La querida pequeña siempre decía «La dama», «El señor», «La dama es guapa», «El señor quiere acostarse conmigo», y Adamsberg no se había deshecho de aquel hábito.

El inspector Delille respondió:

– Lleva sus papeles encima, su asesino no le ha cogido nada. Se llama Madeleine Chátelain y tiene cincuenta y un años.

– ¿Han empezado a registrar el contenido de su bolso?

– No con detalle, pero no parece que haya nada interesante.

– De todas formas quiero saberlo.

– Pues bien, en líneas generales, una revista de labores de punto, una navaja microscópica, unos jaboncitos de los que dan en los hoteles, su monedero y sus llaves, una goma de plástico rosa y una pequeña agenda.

– ¿Había anotado algo en la página de ayer?

– Sí, pero no una cita, si es lo que usted espera. Escribió: «No creo que sea maravilloso trabajar en una tienda de lanas».

– ¿Hay otras anotaciones como ésa?

– Bastantes.

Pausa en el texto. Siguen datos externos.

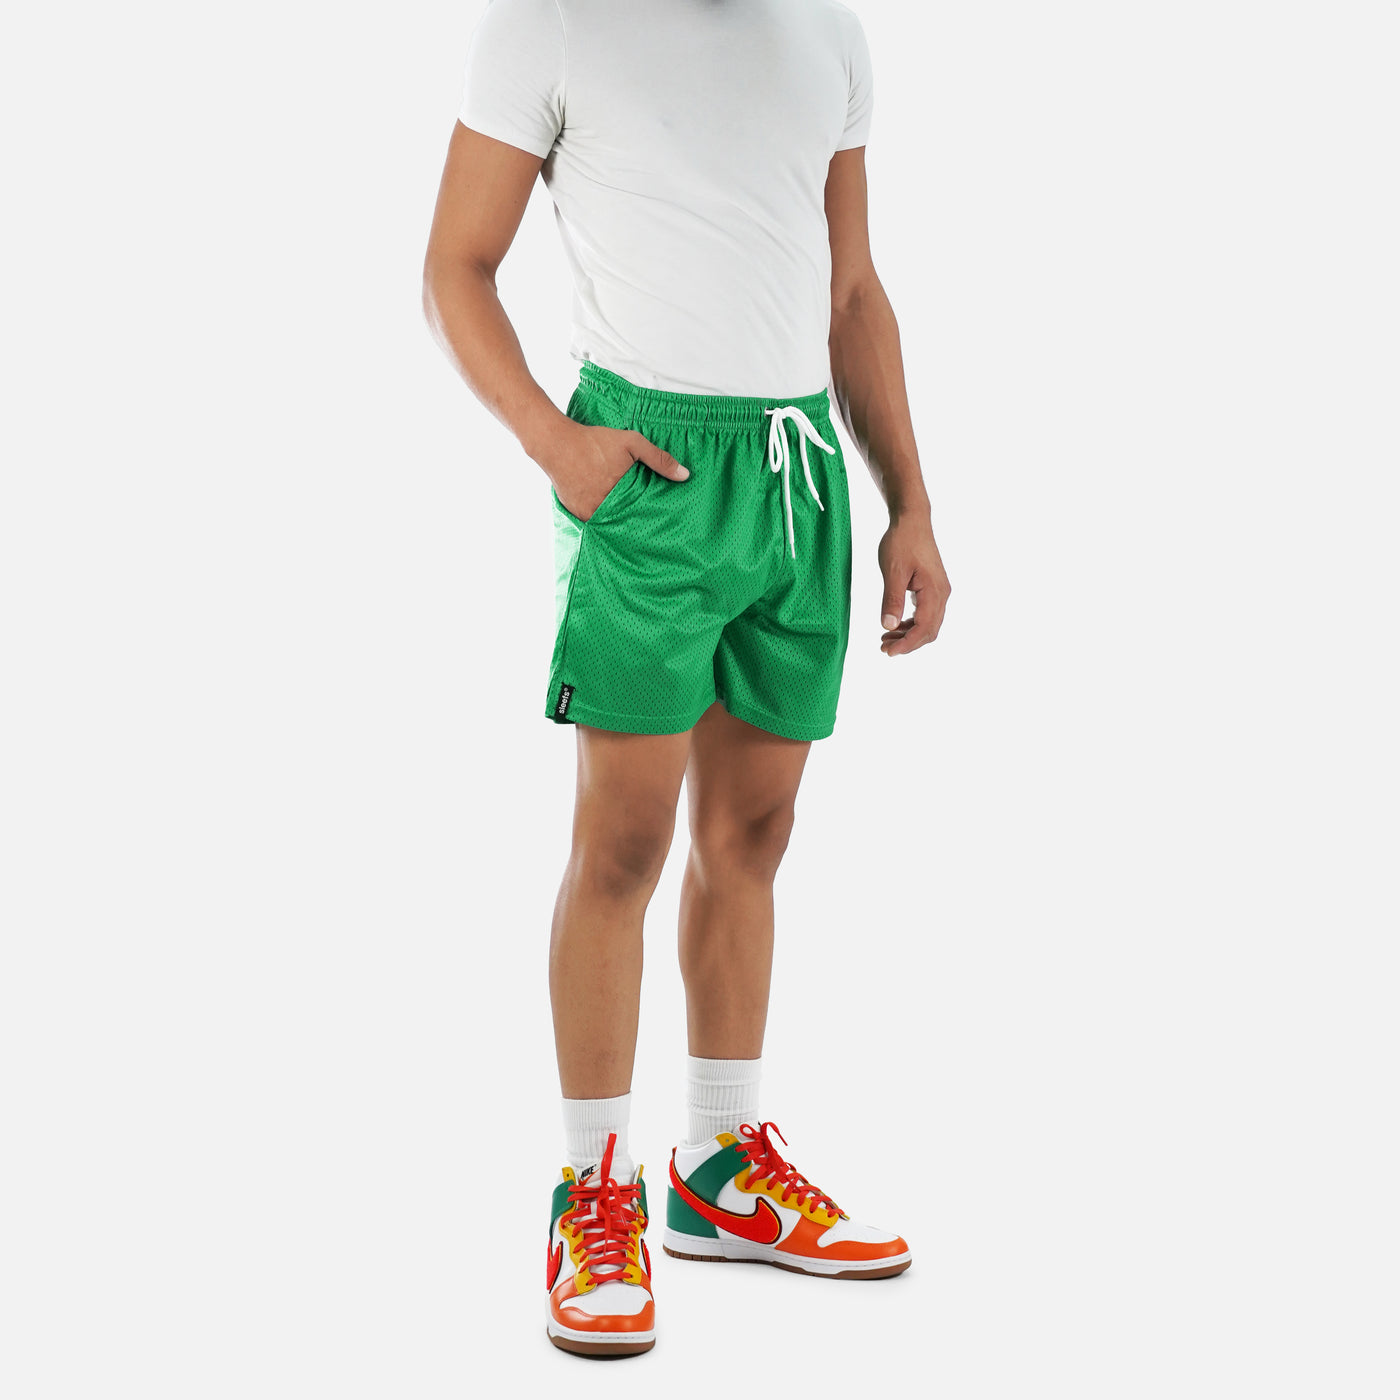 Spring Green Shorts - 7"

Por ejemplo hace tres días escribió: «Me pregunto por qué a mamá le gustaba tanto el Martini», y la semana anterior: «Por nada del mundo subiría al último piso de la torre Eiffel».

Adamsberg sonreía. El médico forense mascullaba que si no se descubrían los cadáveres más deprisa, había que esperar un milagro, que tenía la impresión de que la habían matado entre las veintidós treinta y la medianoche pero que prefería ver el contenido del estómago antes de pronunciarse. Que la herida había sido hecha con un cuchillo de hoja mediana, después de un fuerte golpe en el occipital.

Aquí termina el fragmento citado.